Le déséquilibre économique d'après-guerre n'est certes pas étranger à la série d'affaires pénales, d'une analogie frappante, que nous avons vu surgir dans divers pays d'Europe, pour réprimer des crimes et des délits contre la foi publique. Ces affaires avaient presque toutes un caractère international, non seulement parce que les individus poursuivis étaient de nationalités différentes et agissaient de concert, mais encore parce que les fonds, que ces ,,affaires" procuraient illicitement à ces malandrins cosmopolites, servaient effectivement à un trafic qui devait s'exercer dans différents pays. Ainsi on a eu l'affaire Windischgraetz, en Hongrie, l'affaire Barmat, en Allemagne, d'autres encore, ailleurs.

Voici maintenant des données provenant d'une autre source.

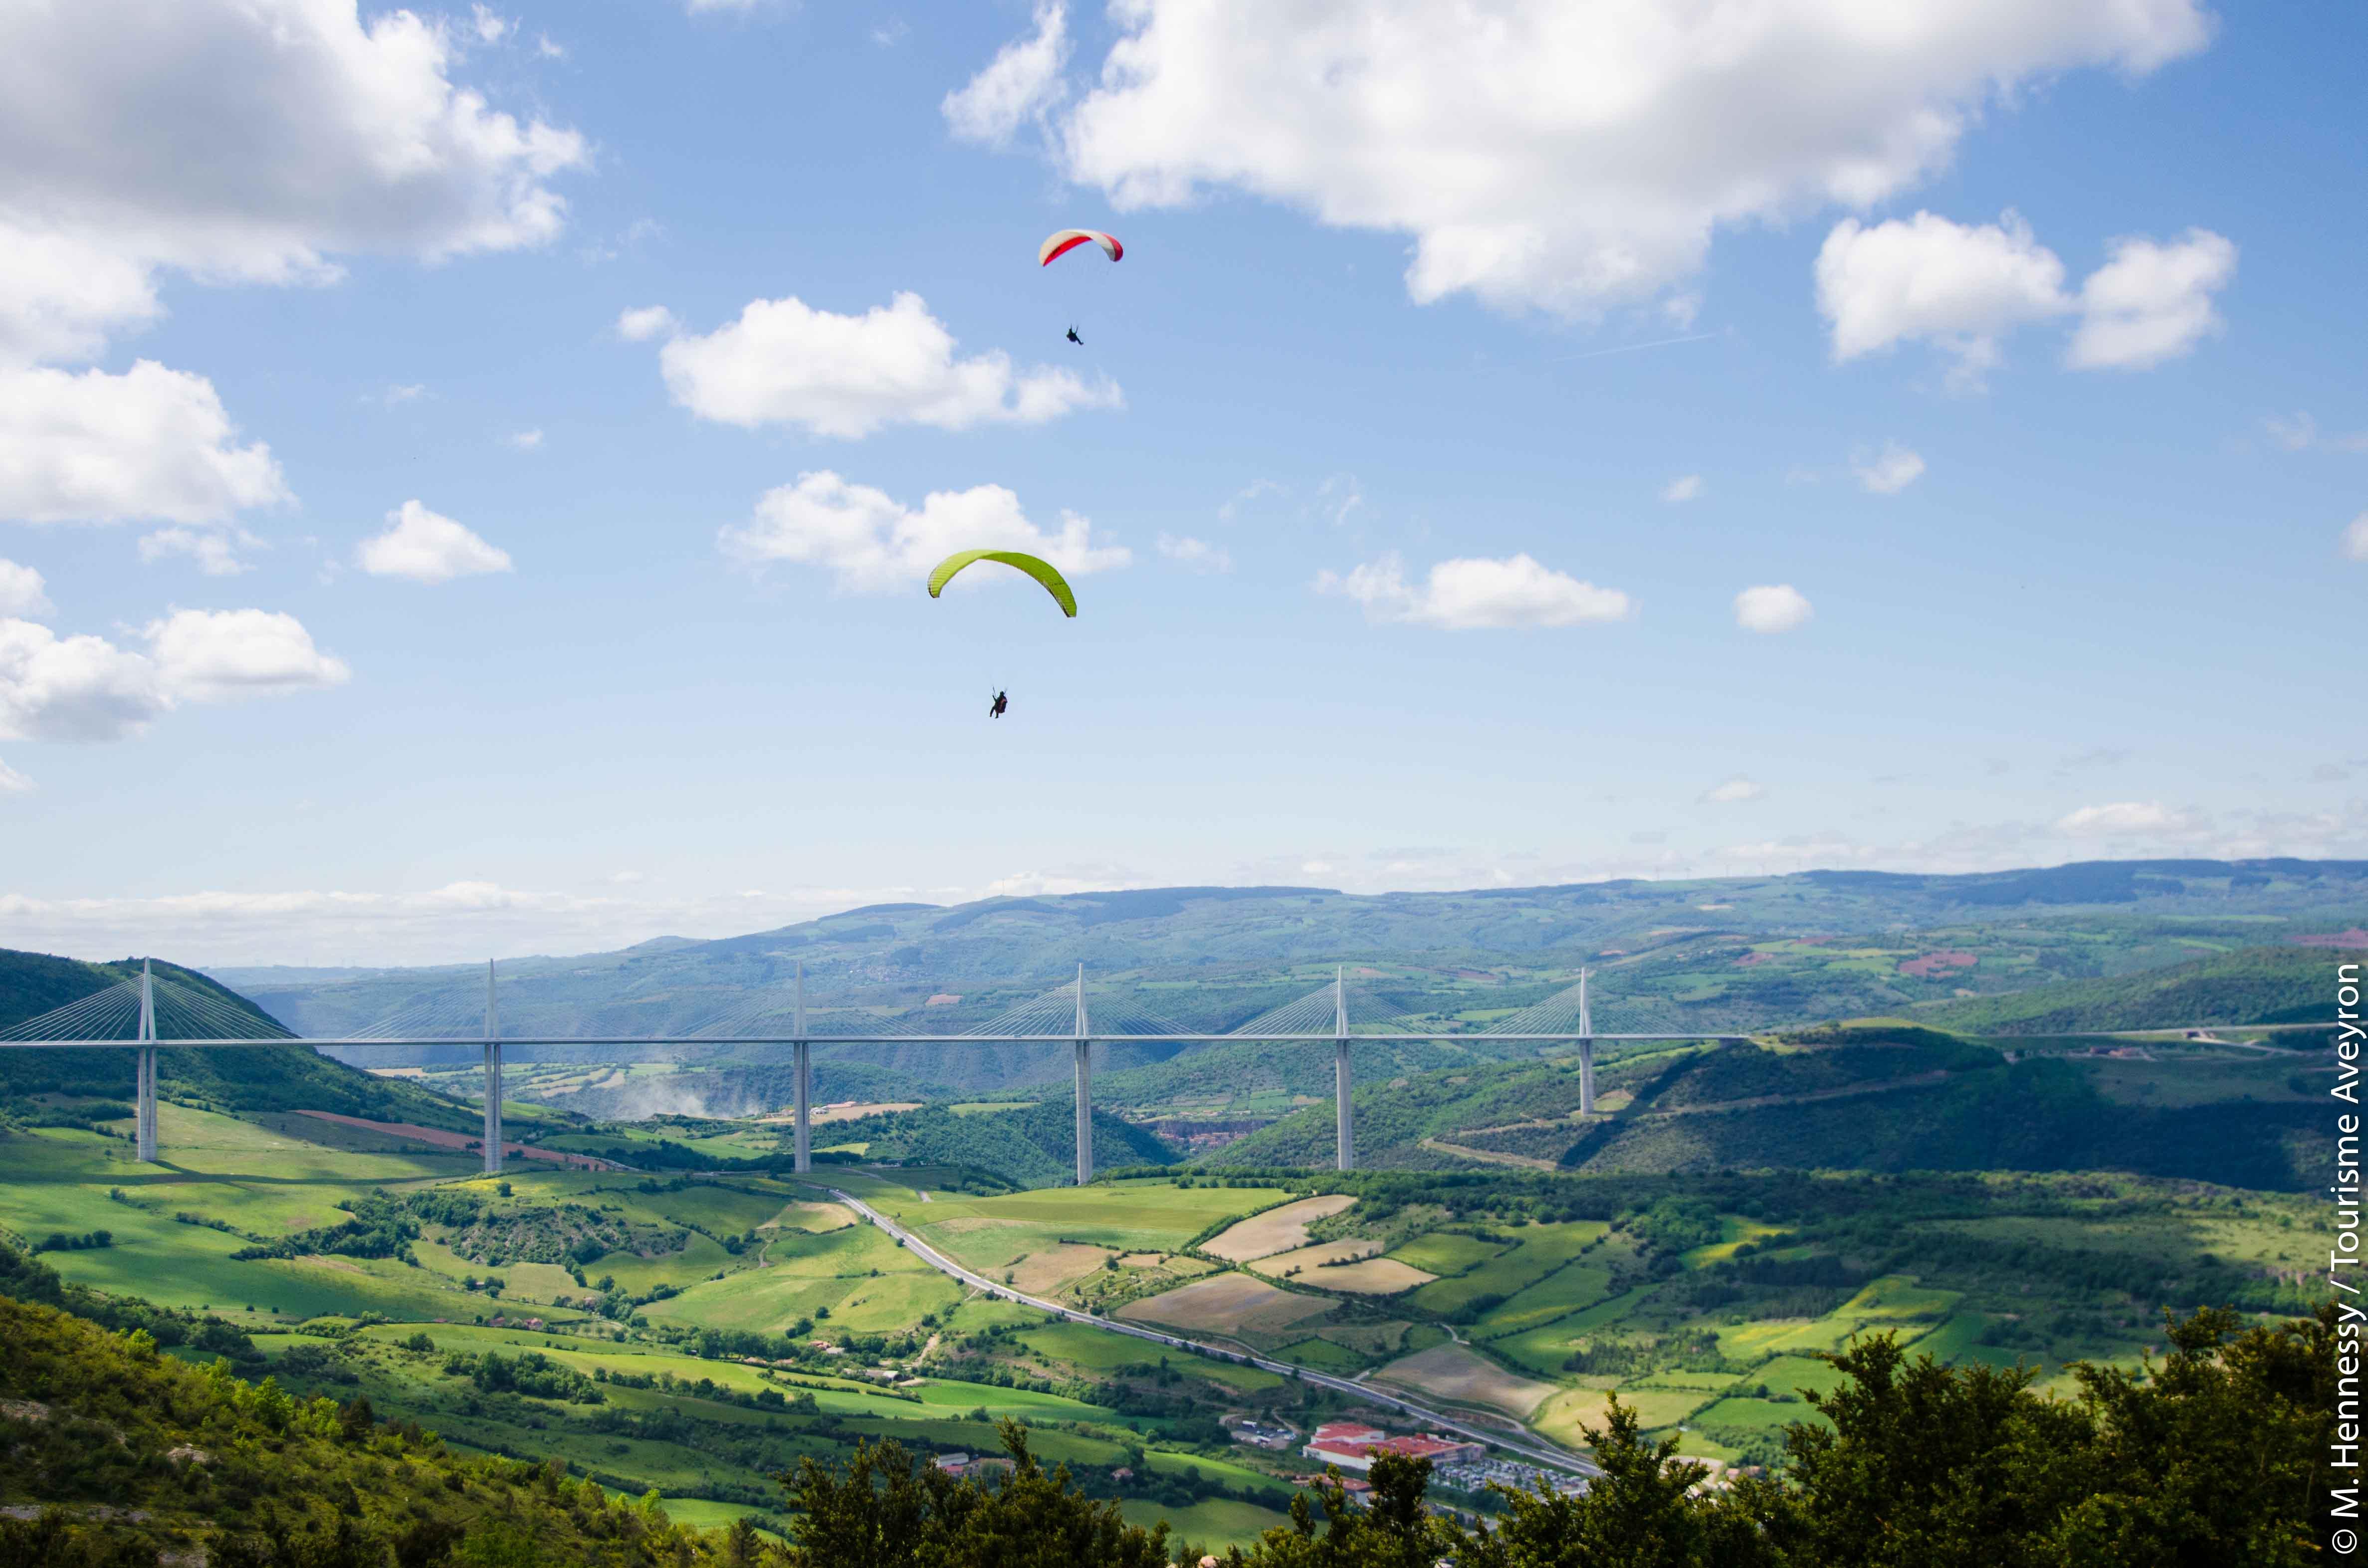 Parapentes au-dessus du viaduc de Millau, Aveyron© M. Hennessy - Tourisme Aveyron

Ajoutez à cela que la fabrication de billets de banque, tant faux que véritables, a pris un développement incroyable ces derniers temps. Cette activité bancaire inouïe est devenue en quelque sorte un moyen de défense d'Etat à Etat. L'inflation excessive, pratiquée par beaucoup de gouvernements, au point d'être bien près de devenir illicite et, en tous cas, injuste à l'égard des populations qu'elle dépossédait, a dû avoir, par son dédain de la moralité, une influence néfaste sur l'imagination des falsificateurs en général et de ceux qui étaient enclins à la contrefaçon des monnaies en particulier.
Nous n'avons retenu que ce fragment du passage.